=== REQUIREMENT ===
What you return should be the lines from the one with "Koupelnové nástěnné LED" through the one with "-Flujo de lava" in the data below, reproduced exactly with both ends, and no pictures at all.

=== SUPPLIED MATERIAL ===

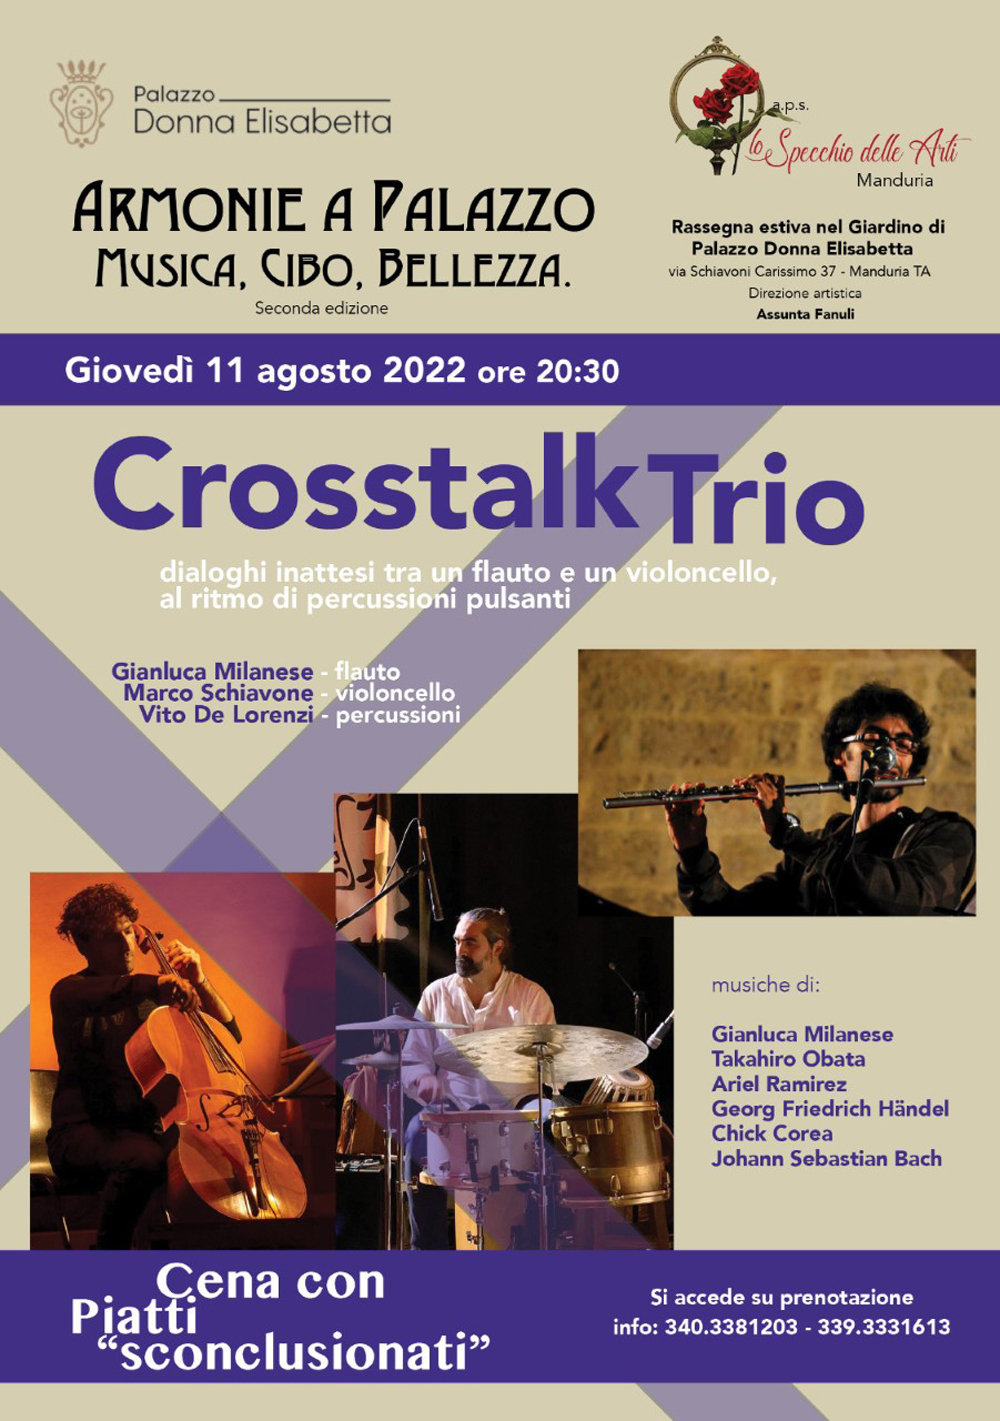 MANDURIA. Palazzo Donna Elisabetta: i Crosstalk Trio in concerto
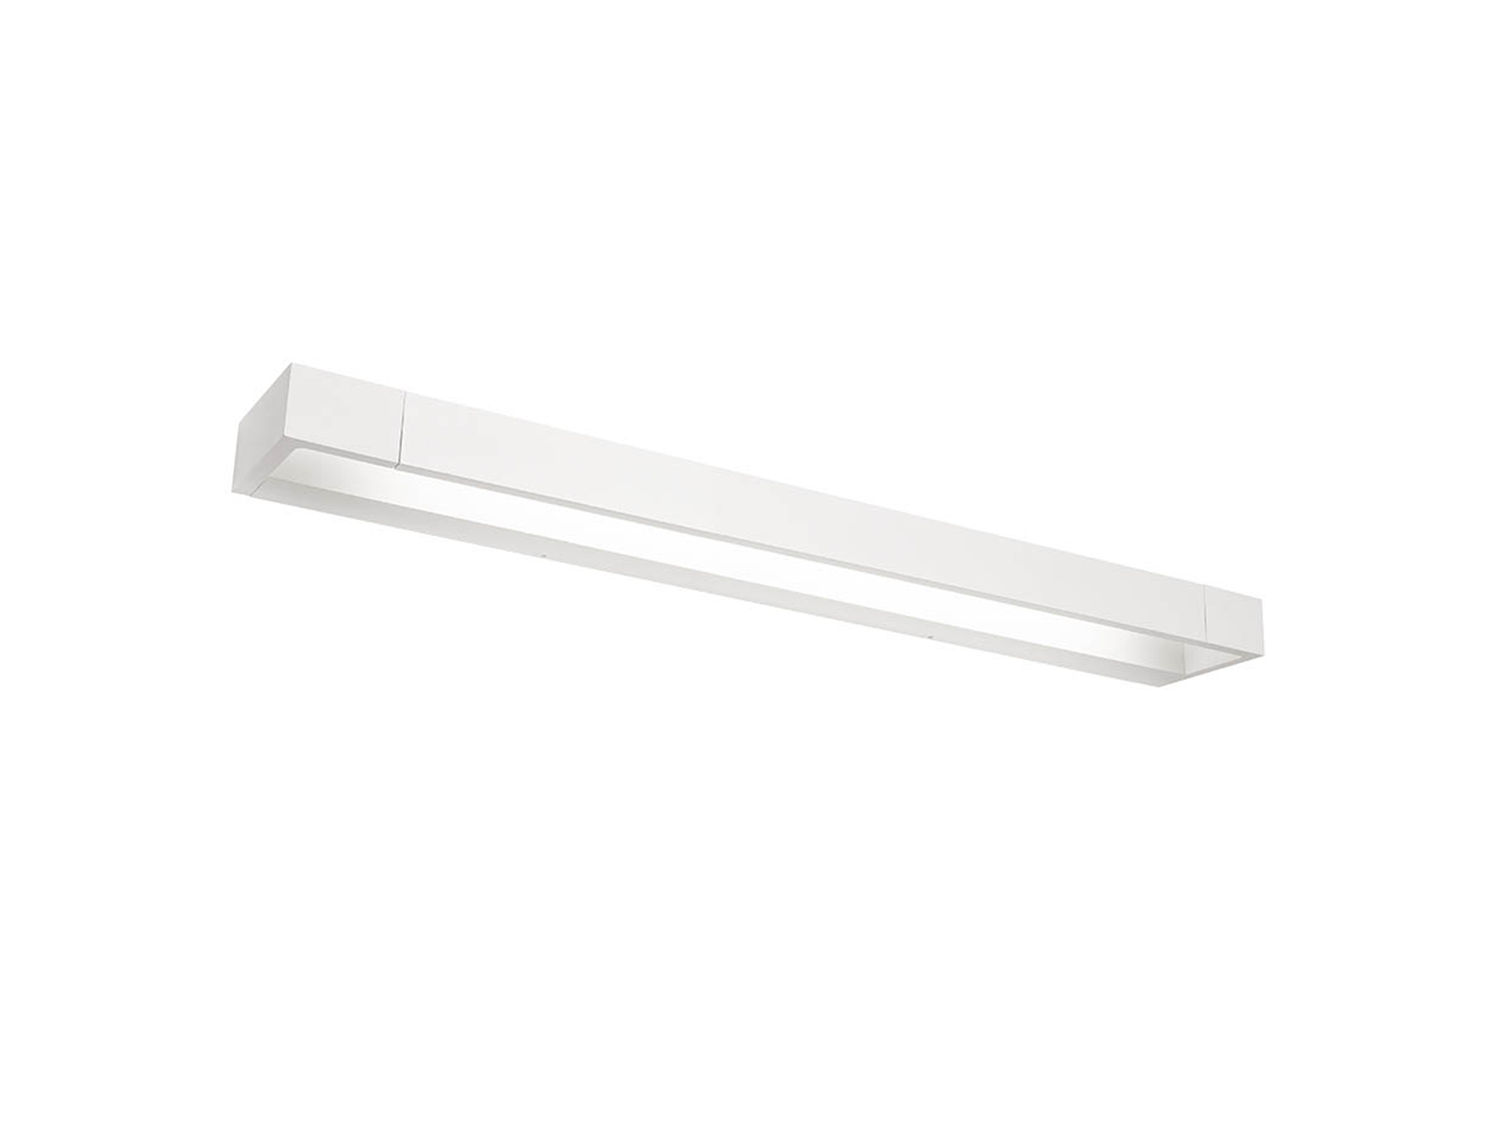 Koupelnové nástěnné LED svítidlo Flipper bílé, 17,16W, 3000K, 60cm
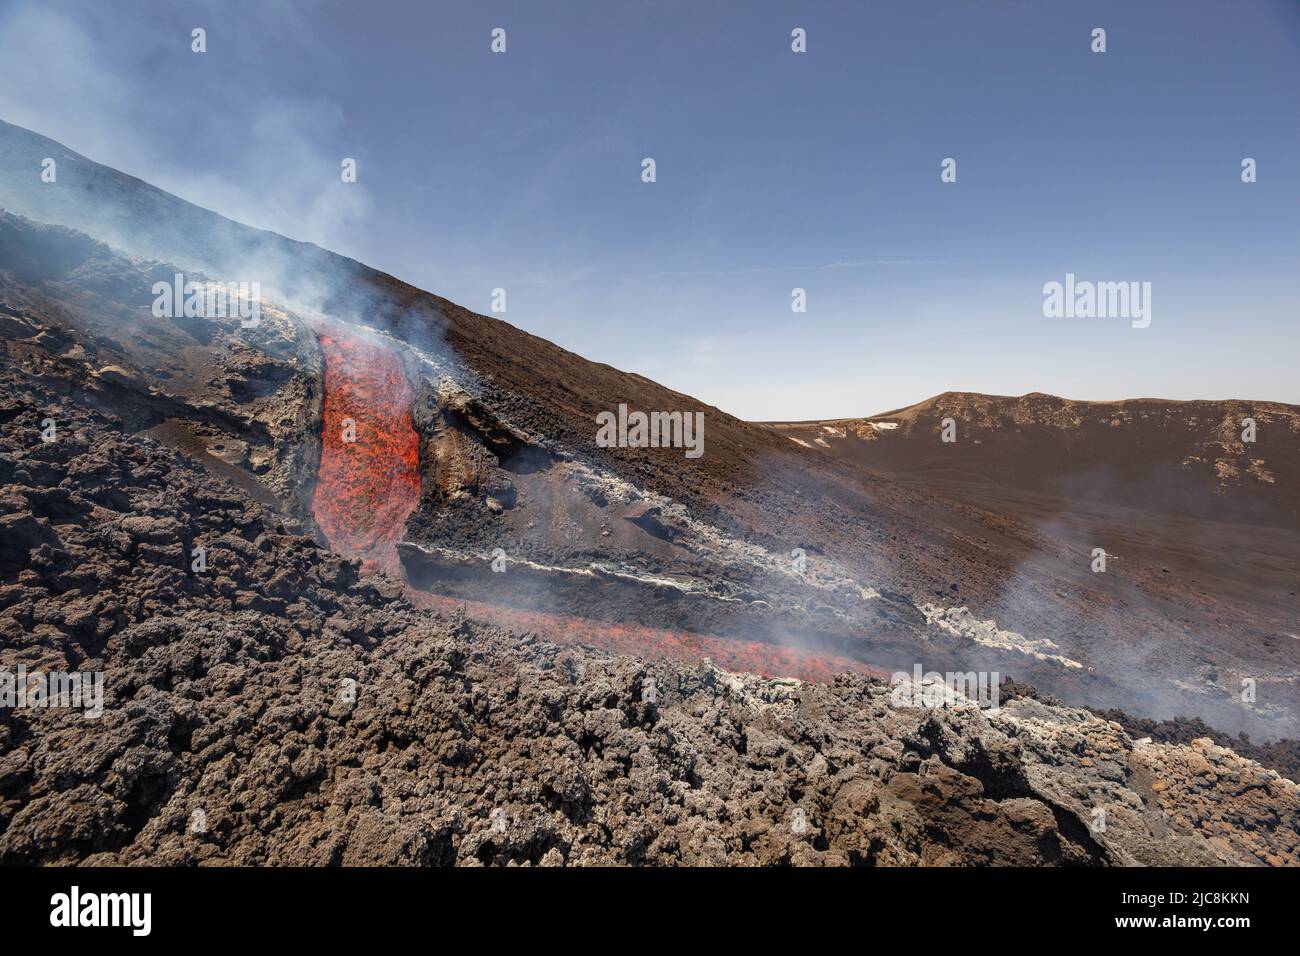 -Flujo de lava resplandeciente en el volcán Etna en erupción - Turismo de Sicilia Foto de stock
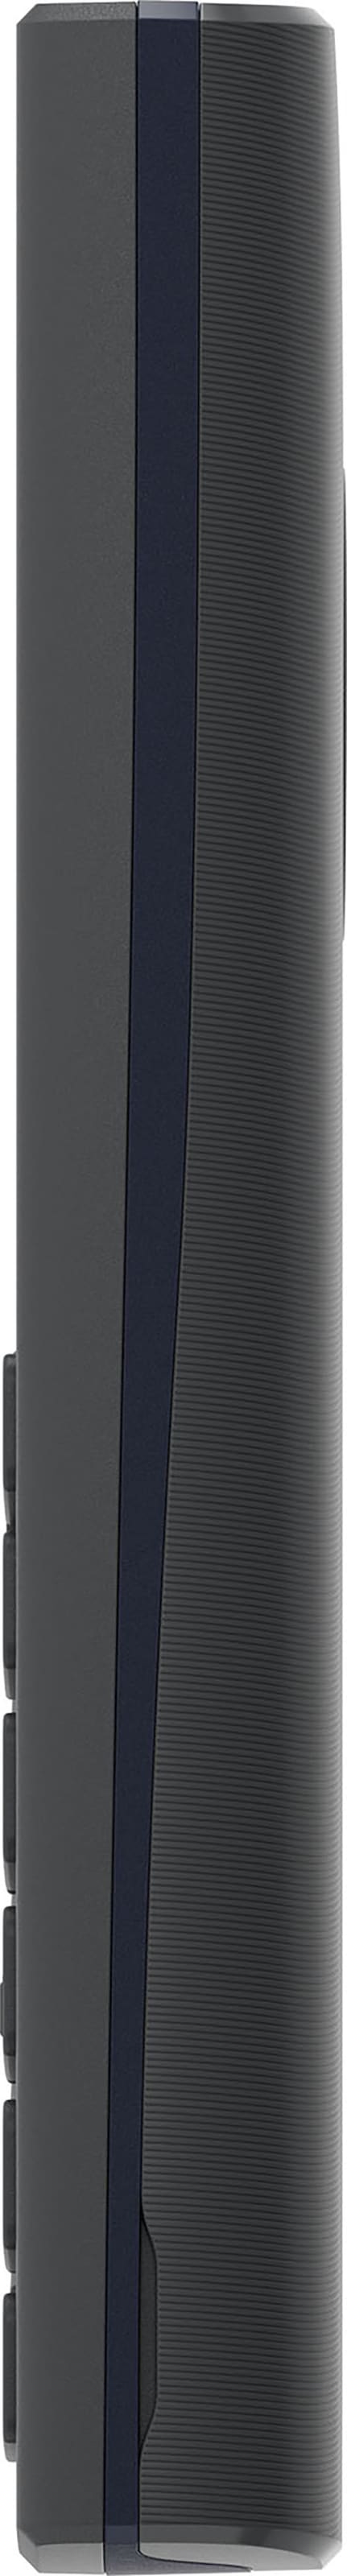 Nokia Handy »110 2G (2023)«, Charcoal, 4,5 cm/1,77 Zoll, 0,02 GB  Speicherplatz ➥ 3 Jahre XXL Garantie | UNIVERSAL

=== EXPECTED ANSWER ===
 Koupelnové nástěnné LED svítidlo Flipper bílé, 17,16W, 3000K, 60cm
 -Flujo de lava resplandeciente en el volcán Etna en erupción - Turismo de Sicilia Foto de stock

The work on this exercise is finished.